## WHAT THE TASK ASKS
Although the data below contains pictures, please reproduce only its words, exactly.

## INFORMATION PROVIDED
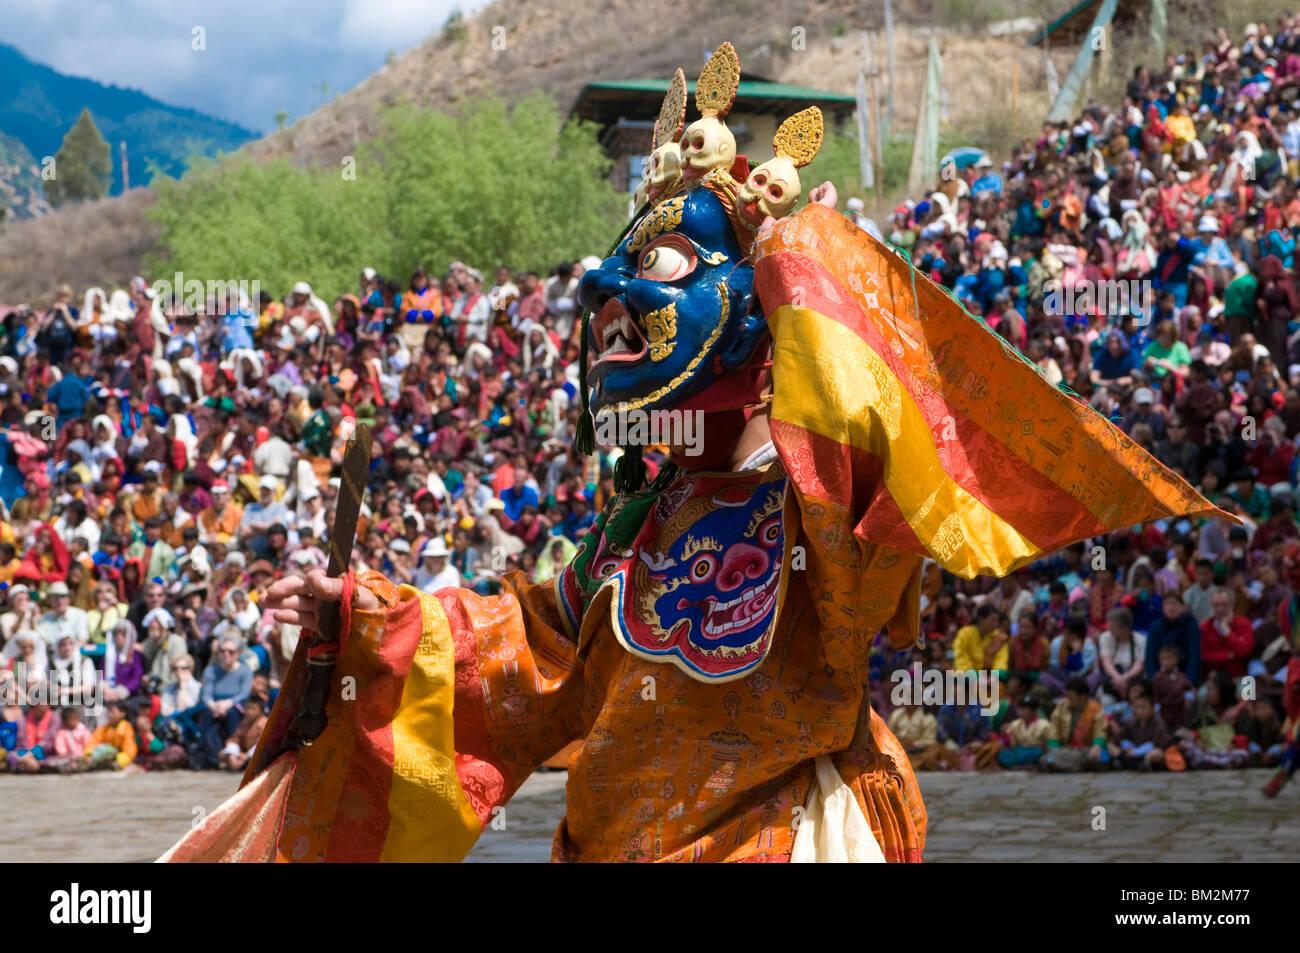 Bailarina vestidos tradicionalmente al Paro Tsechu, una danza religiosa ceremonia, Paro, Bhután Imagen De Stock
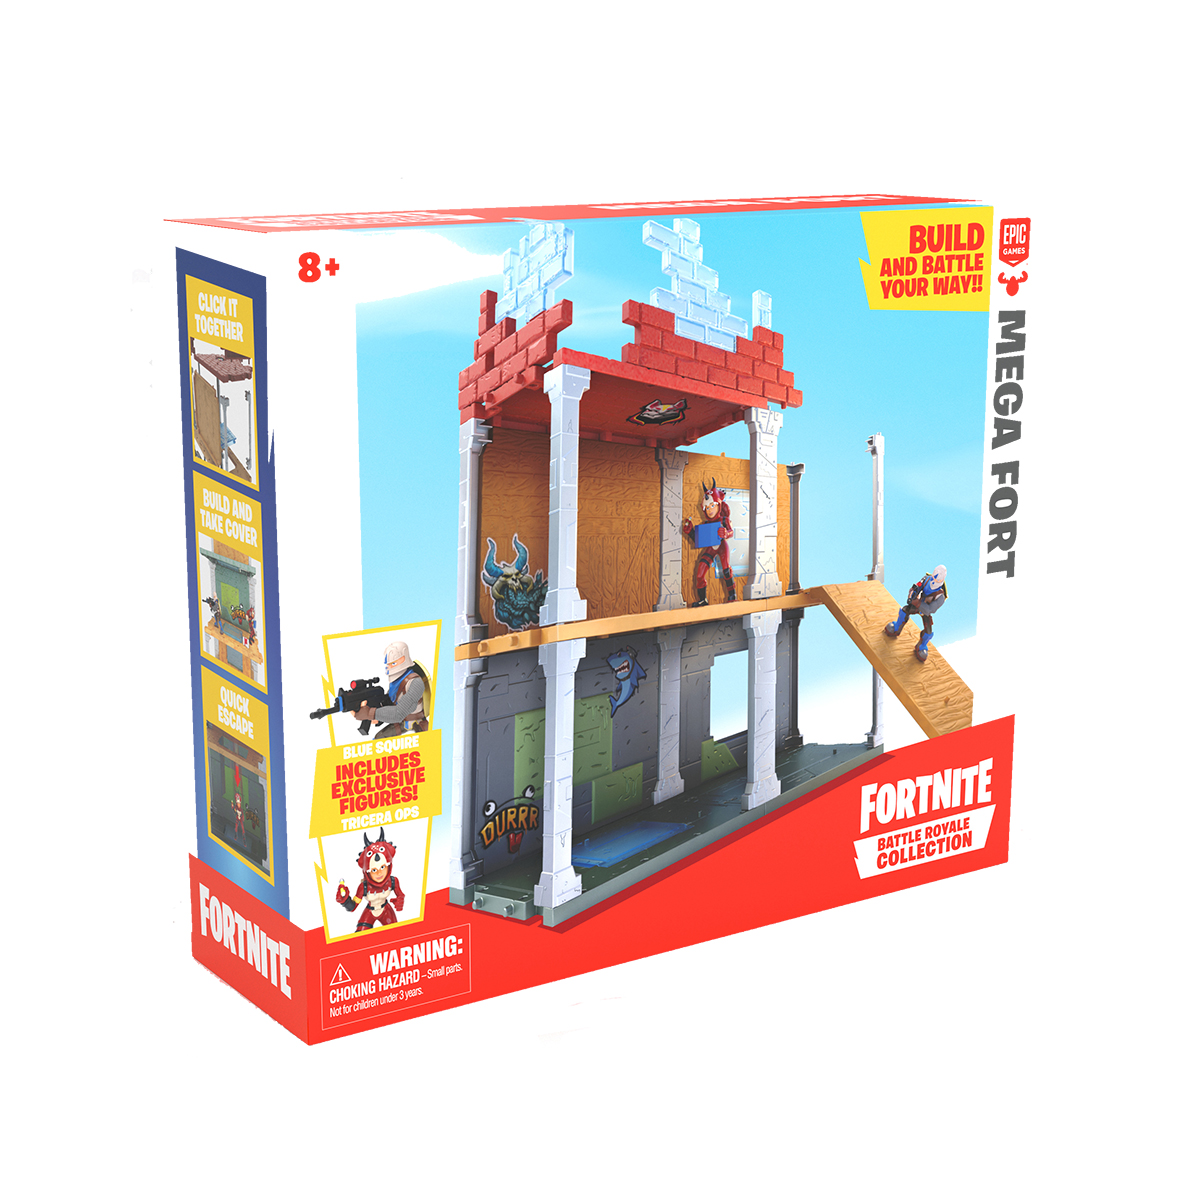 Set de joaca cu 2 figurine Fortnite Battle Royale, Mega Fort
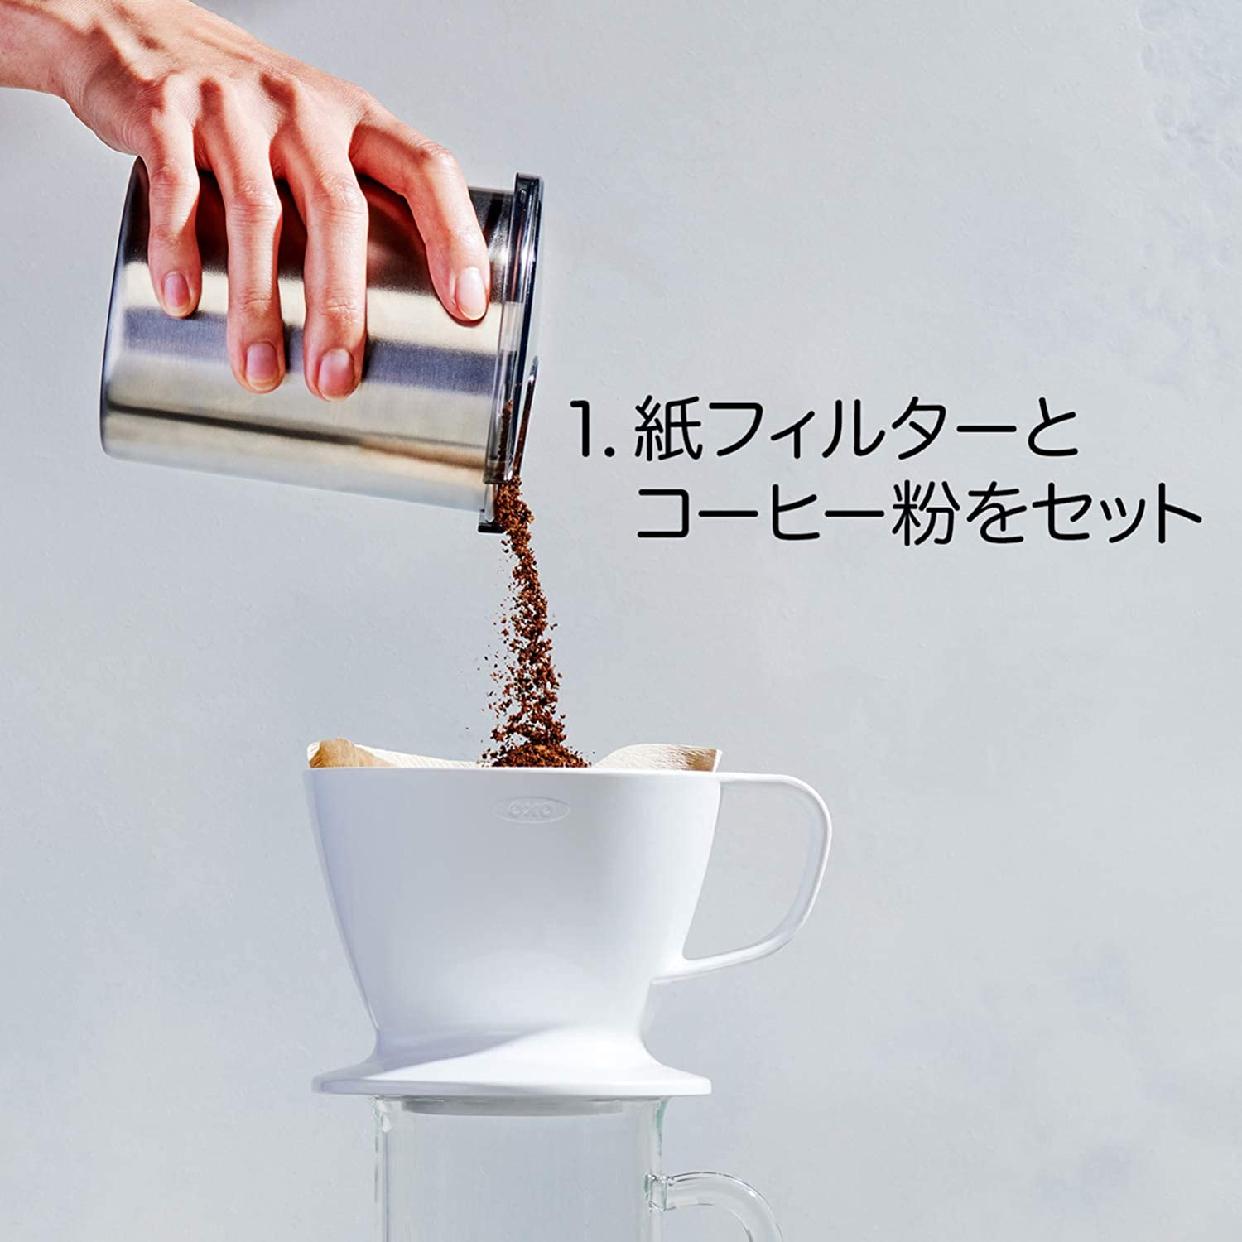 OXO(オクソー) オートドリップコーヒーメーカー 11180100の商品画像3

## ANSWER TO THE PROBLEM
 Bailarina vestidos tradicionalmente al Paro Tsechu, una danza religiosa ceremonia, Paro, Bhután Imagen De Stock
 Set de joaca cu 2 figurine Fortnite Battle Royale, Mega Fort
 OXO(オクソー) オートドリップコーヒーメーカー 11180100の商品画像3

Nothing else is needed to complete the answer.